TASK →
Leave the pictures out and write out the rest of the listing word for word.

DATA SHOWN START

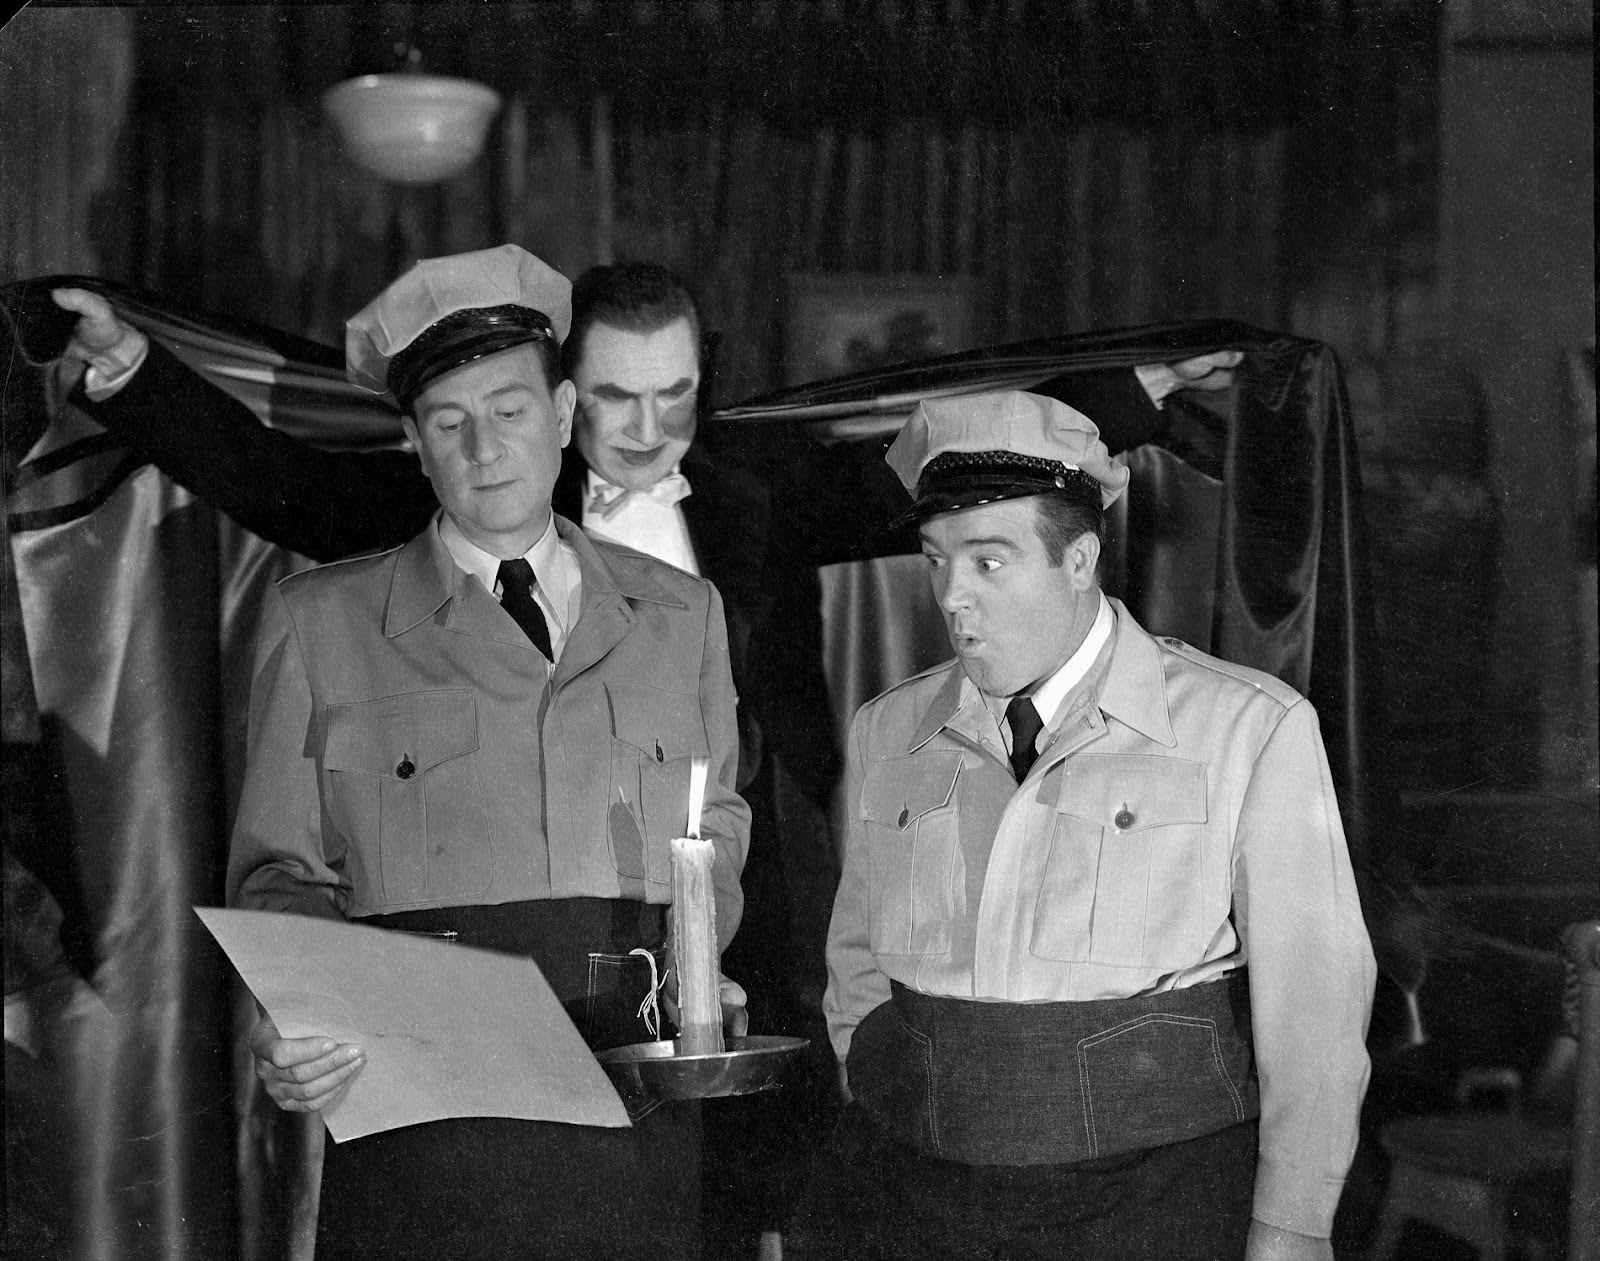 Bud Abbott Lou Costello Bela Lugosi Dracula
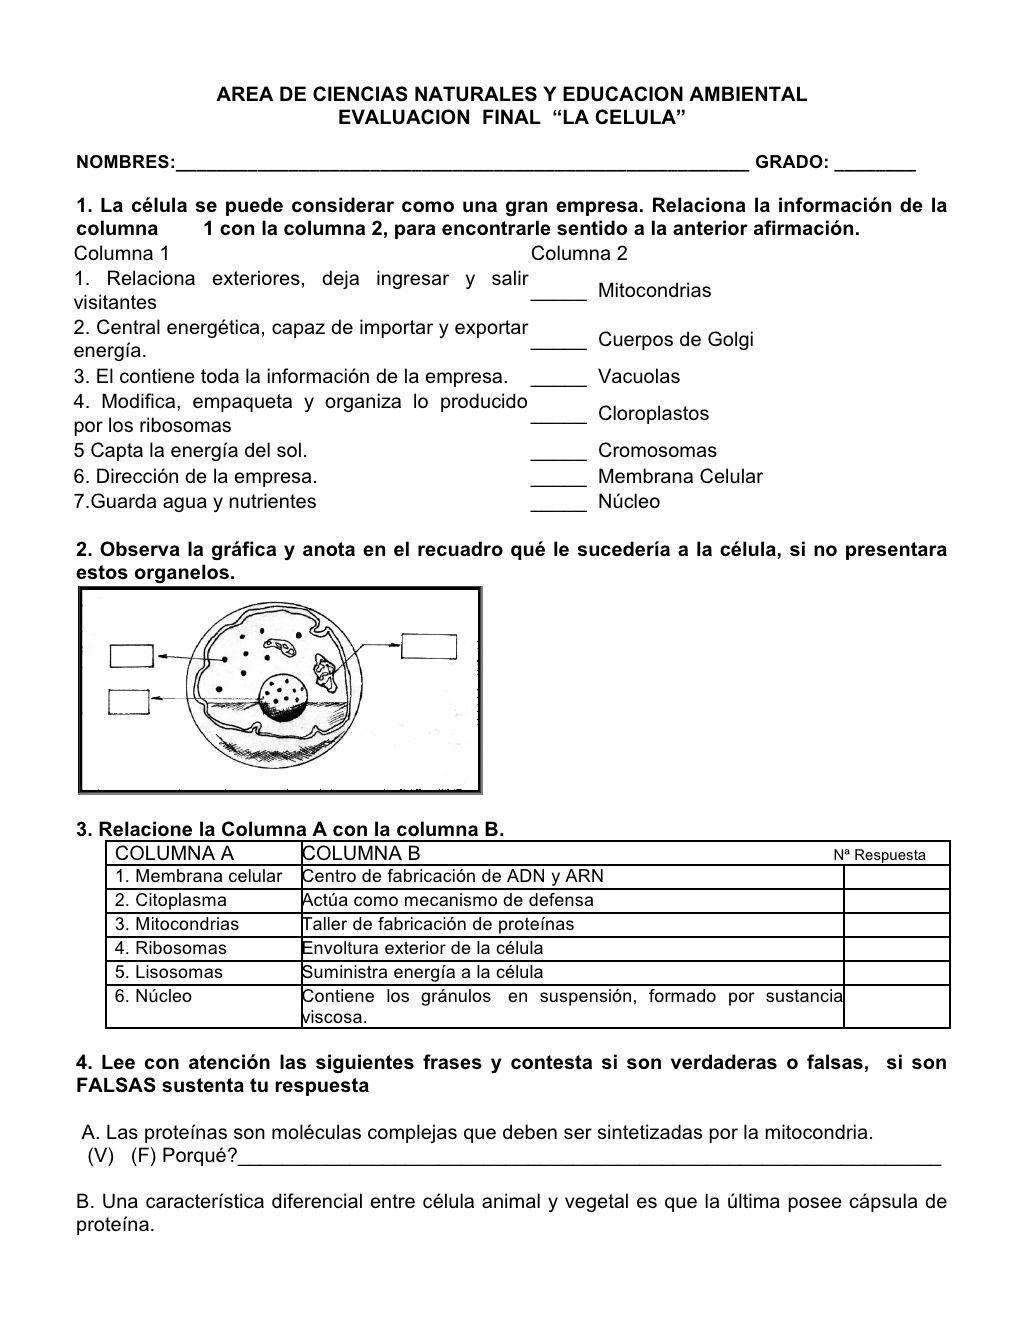 Evaluacion 1 La Celula By Carlos Aguiar Via Slideshare
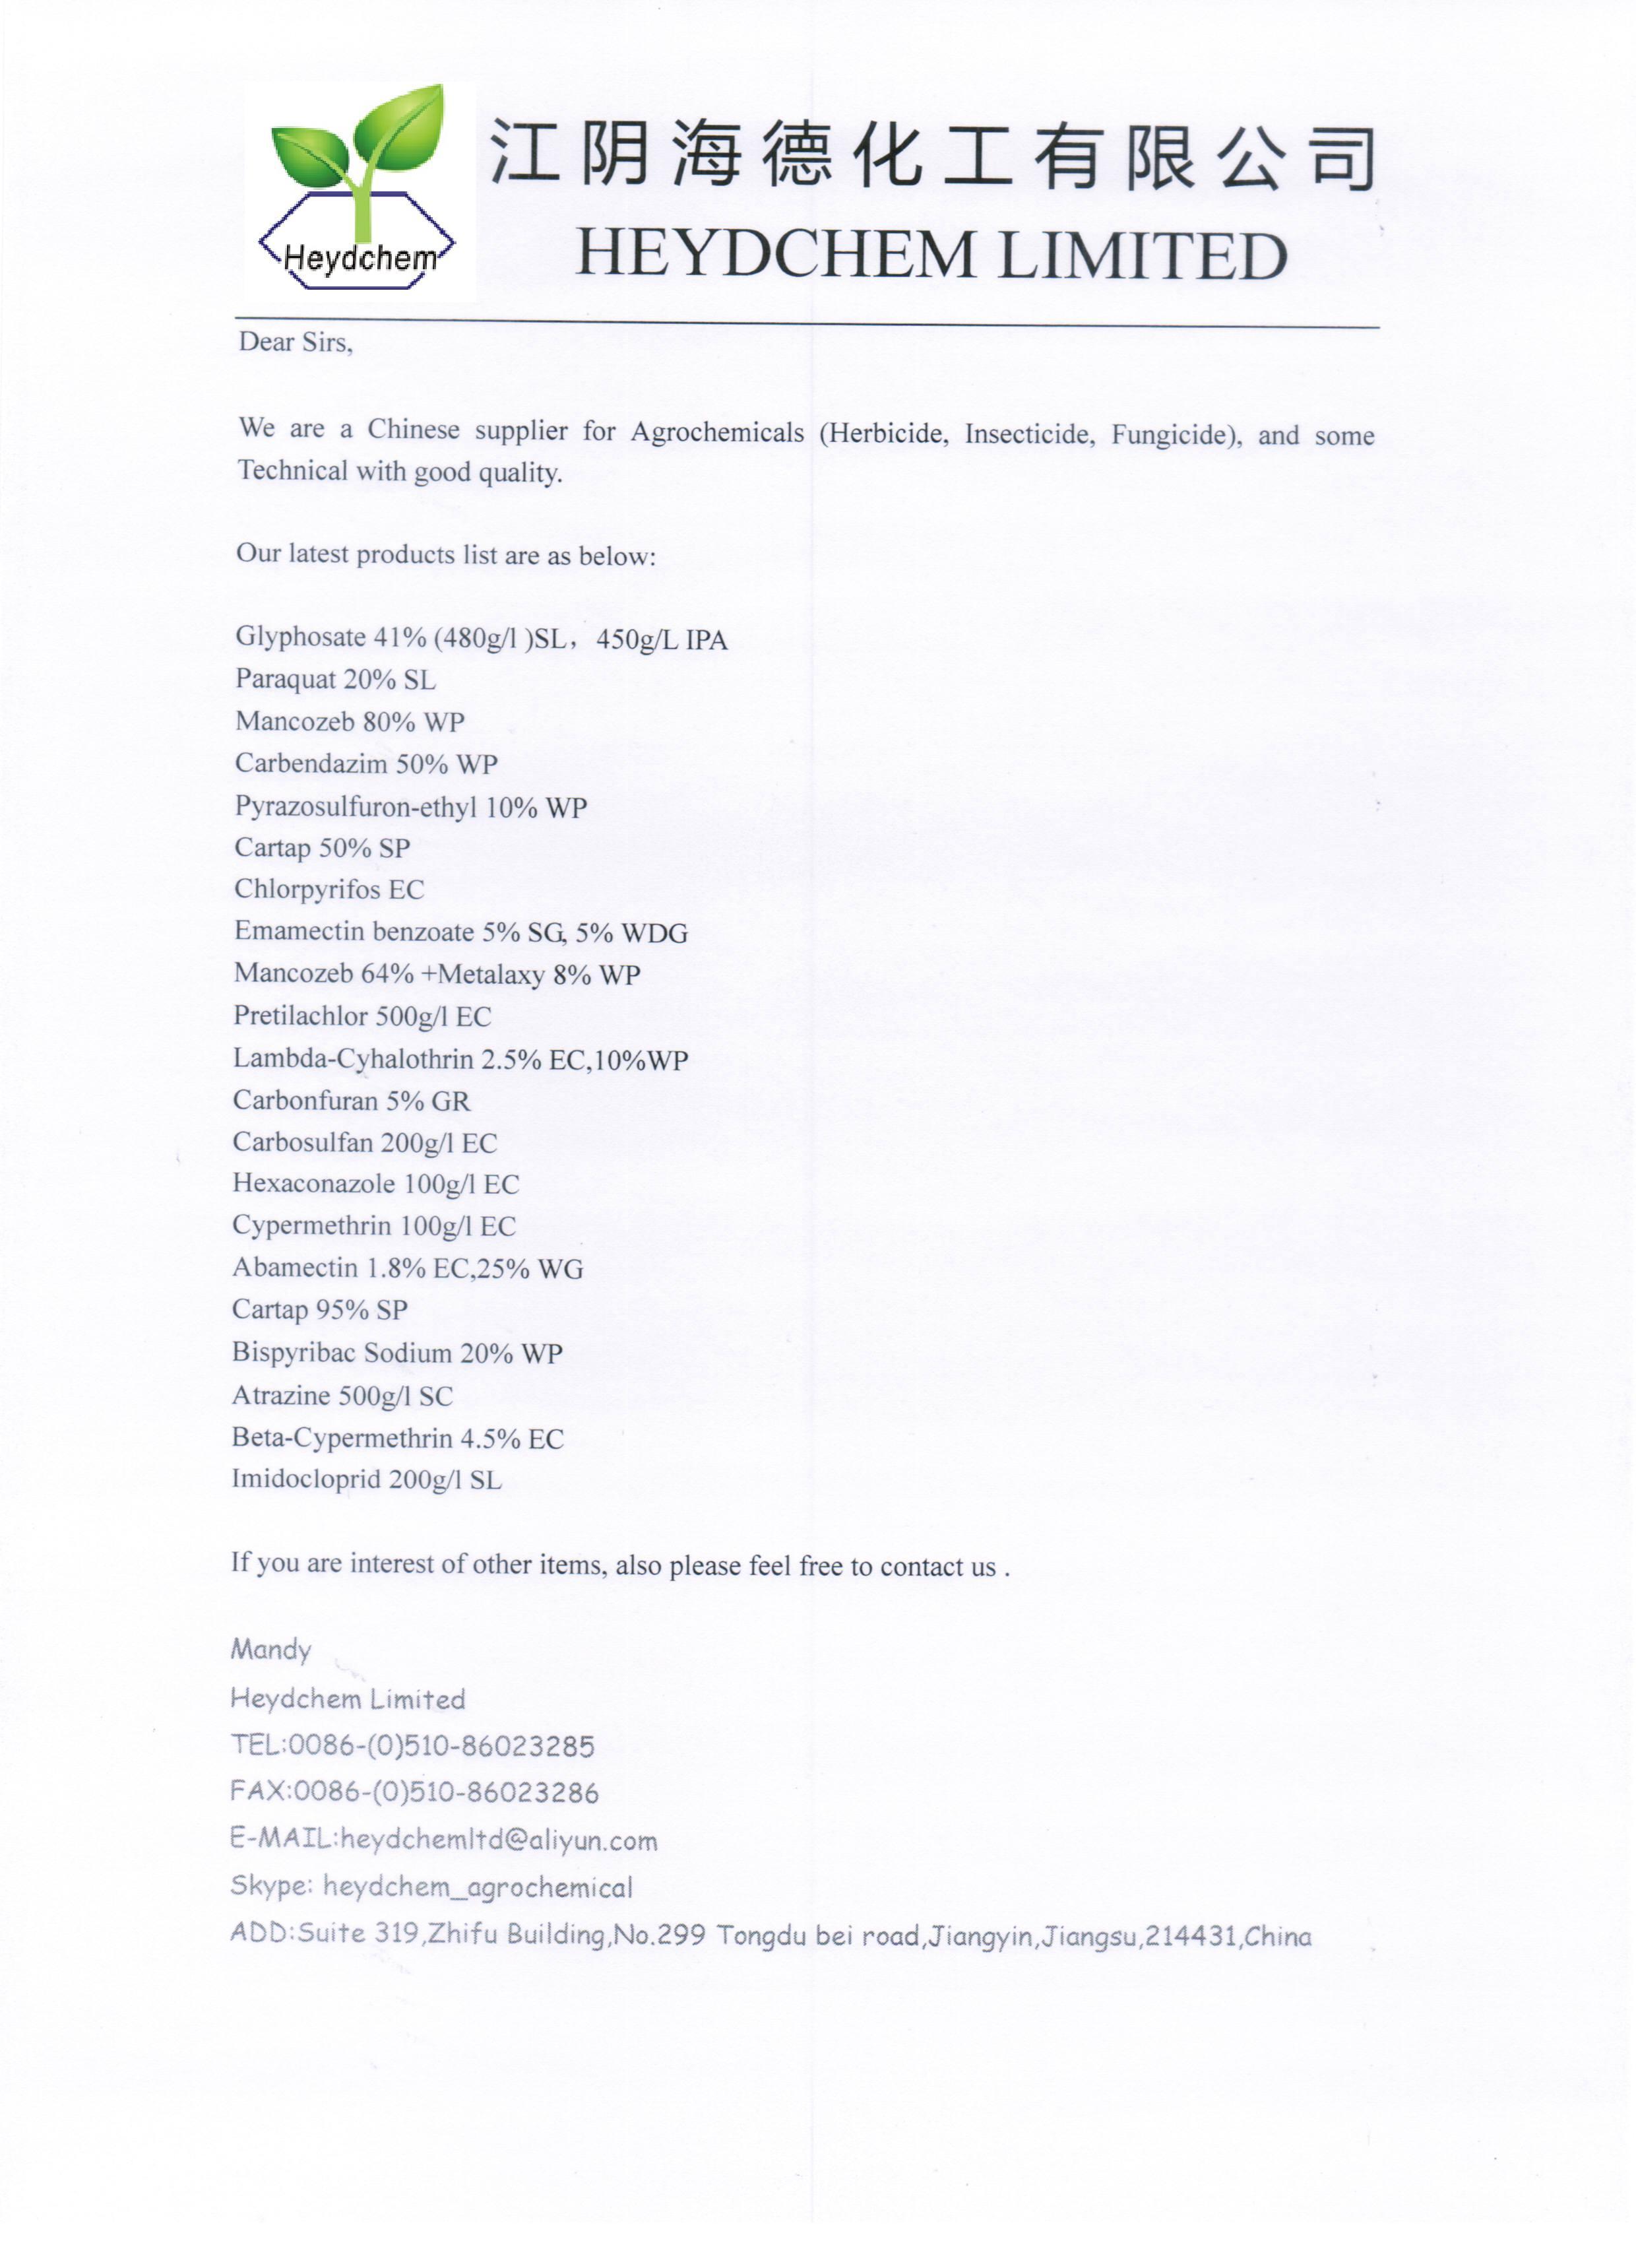 Glyphosate 450gL IPA

DATA SHOWN END

ANSWER FOR THIS EXERCISE →
 Bud Abbott Lou Costello Bela Lugosi Dracula
 Evaluacion 1 La Celula By Carlos Aguiar Via Slideshare
 Glyphosate 450gL IPA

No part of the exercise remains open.